Cichlids are generally faster then any Tetra species. Putting a school of tiger barbs can work out and other times wont, if the Cichlids decide to chase them the barbs will eventually die of stress. I wouldn't risk it. 19 fish is already a lot for a 75gal. I would stick to maybe 15 Cichlids and leave it at that.


----------



## Nodalizer (Nov 7, 2011)

19 fish is easily done in a 75. i mean i got 17 in my 55.

Depends on the type fish and the male to female ratios and the aqua-scape/maintenance of the tank.

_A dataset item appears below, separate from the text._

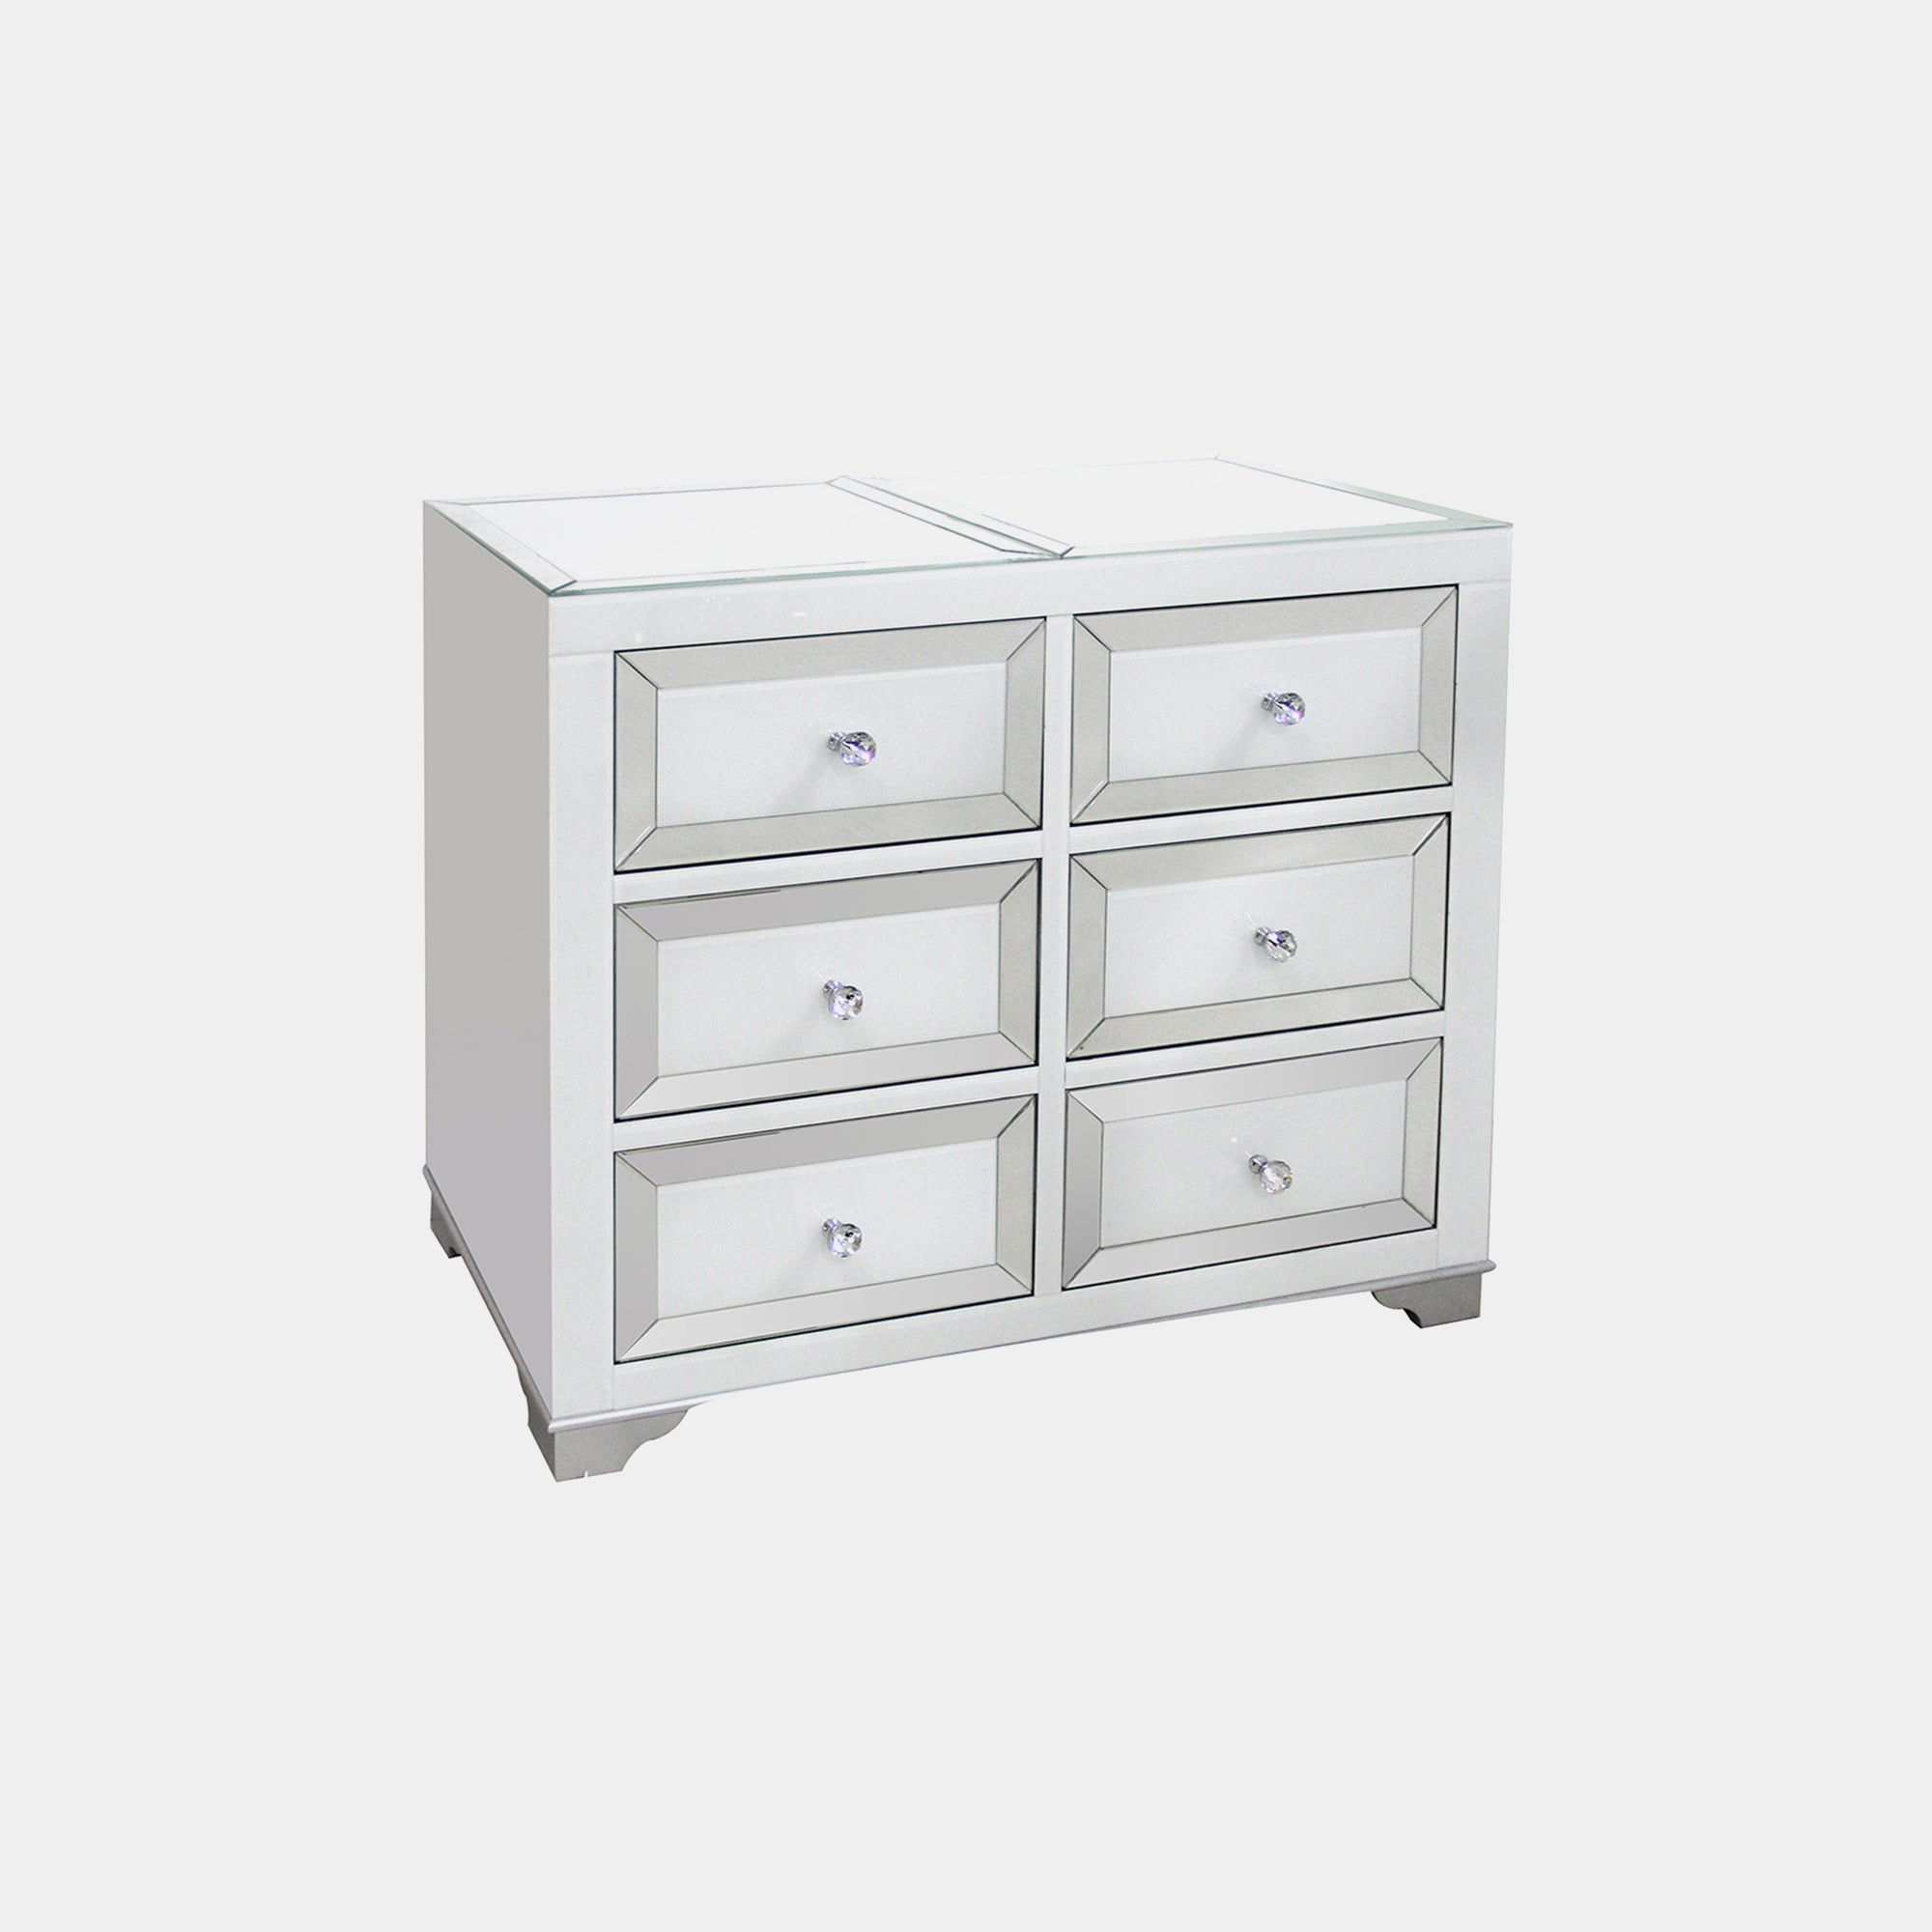 6 Drawer Wide Chest Mirrored Silver & White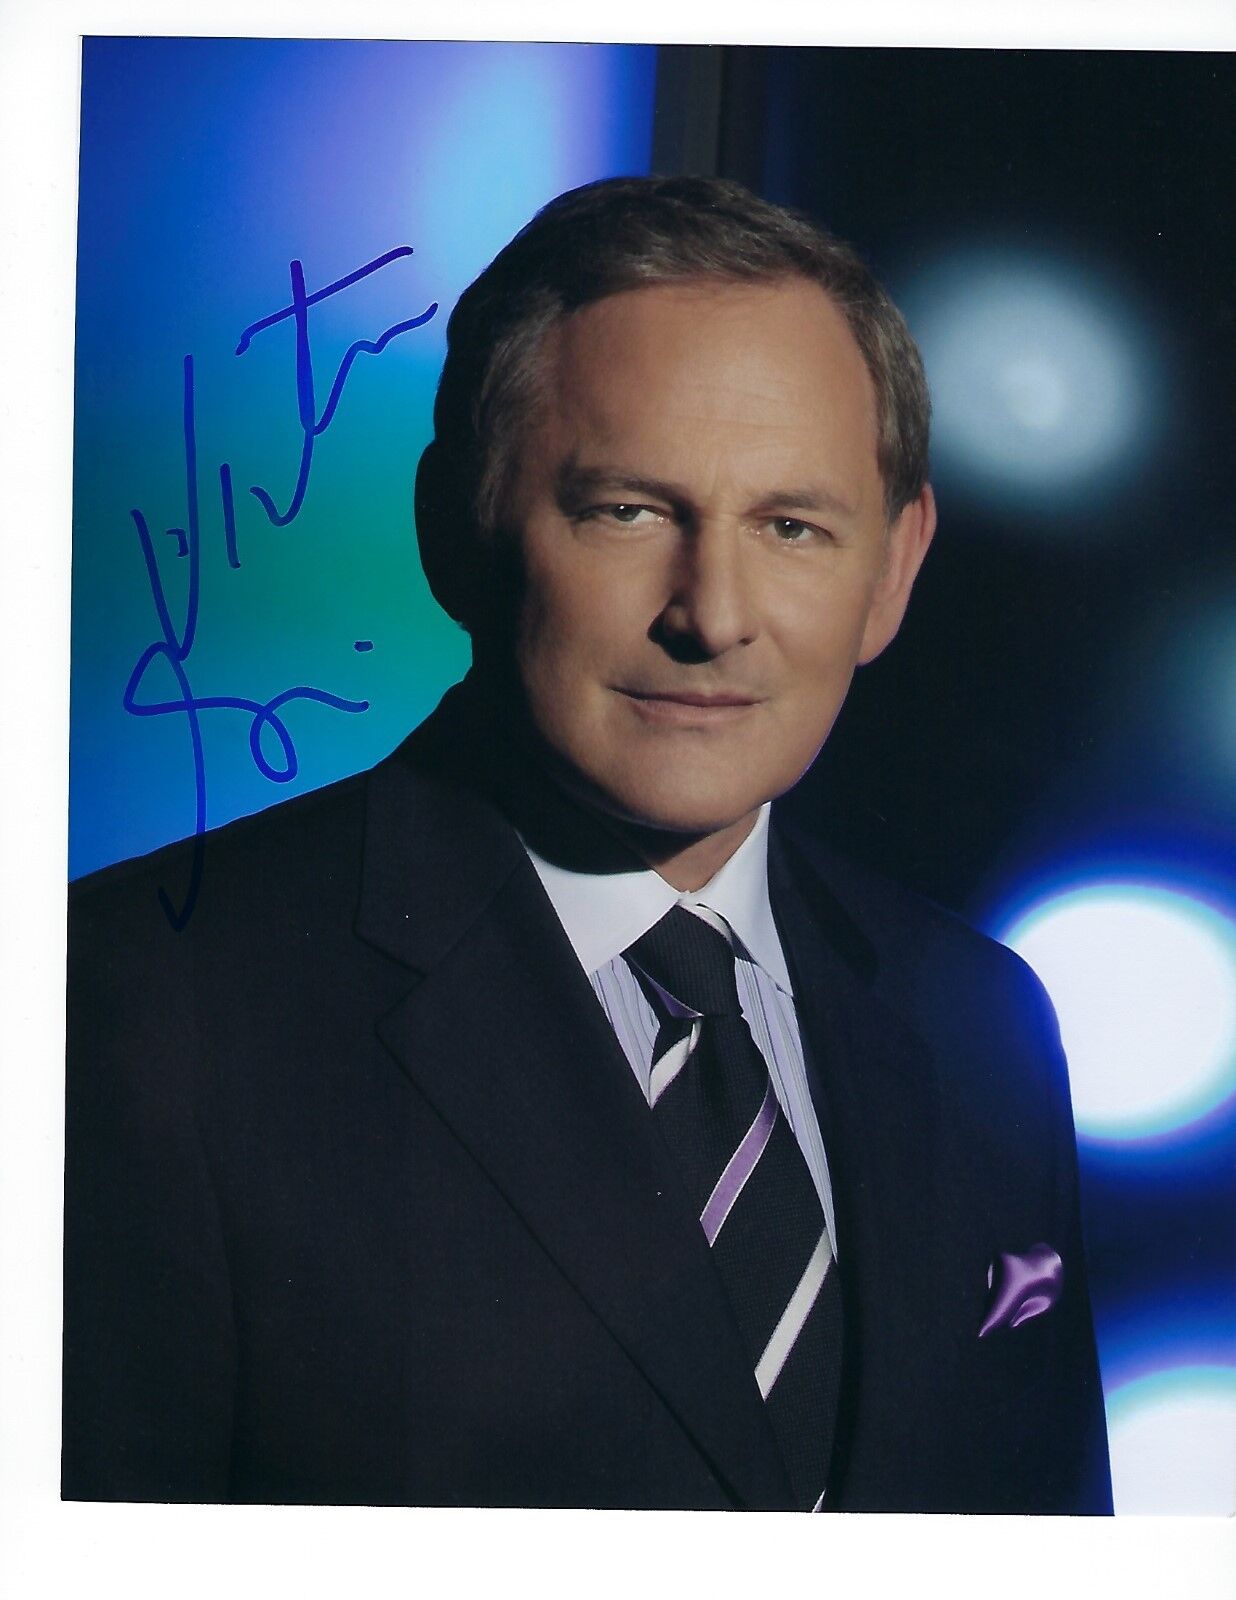 Victor Garber - Alias signed Photo Poster painting

Give the barbs the flick, the mbuna will kill them. Maybe not today or even this year... but chances are eventually they will die. And chances are they won't help aggression any anyway, what fish and what ratios you got?


----------



## DJRansome (Oct 29, 2005)

Nodalizer said:


> Depends on the type fish and the male to female ratios.


 :thumb:

I think this is where we left off:
http://www.cichlid-forum.com/phpBB/view ... highlight=


----------



## prov356 (Sep 20, 2006)

Thread were merged. Let's keep this one going rather than start a new one, thanks.


----------



## B.Roberson (Nov 6, 2011)

Ok.thanks people =D> yeah didn't mean to start a good thread. Ok, no barbs, I just get excited at the thought of new fish,lol. Ill leave it alone for now and just watcxh em grow.... its all good :thumb:


----------



## B.Roberson (Nov 6, 2011)

So just to verify,, I could remove all my females? Of each specie I have? Labs,acei,zebra,redfin,,and keep just the males, I could keep say for instance, 2m zebra, 2m labs, 2m acei, 2 m redfin, 1m maingano, 1 auratus, and add matbe 2 more species??? Could I? Could I? Just hypothetically speaking.


----------



## DJRansome (Oct 29, 2005)

One male of each if you are removing females.


----------



## B.Roberson (Nov 6, 2011)

Dang. That's not enough fish left in the tank then....


----------



## DJRansome (Oct 29, 2005)

You only need a dozen with all-male. If you remove females and duplicates, you could add a couple more mbuna males as long as they look completely different from the ones you have and each other.


----------



## B.Roberson (Nov 6, 2011)

Ok. Can I get an idea than if I rid my females,, and when I say that I take them to my lfs, its literally 5 min,,,and they enjoy taking them, they don't get the fish from where I get mine in town obviously,.. so 1 acei, 1 zebra, 1 lab, 1 maingano, 1 redfin. 1 auratus, 1orange black zebra??? Please? And what could I put with that? Mine are 3" maybe. I would like 10-12 fish, I think that's. A good #


----------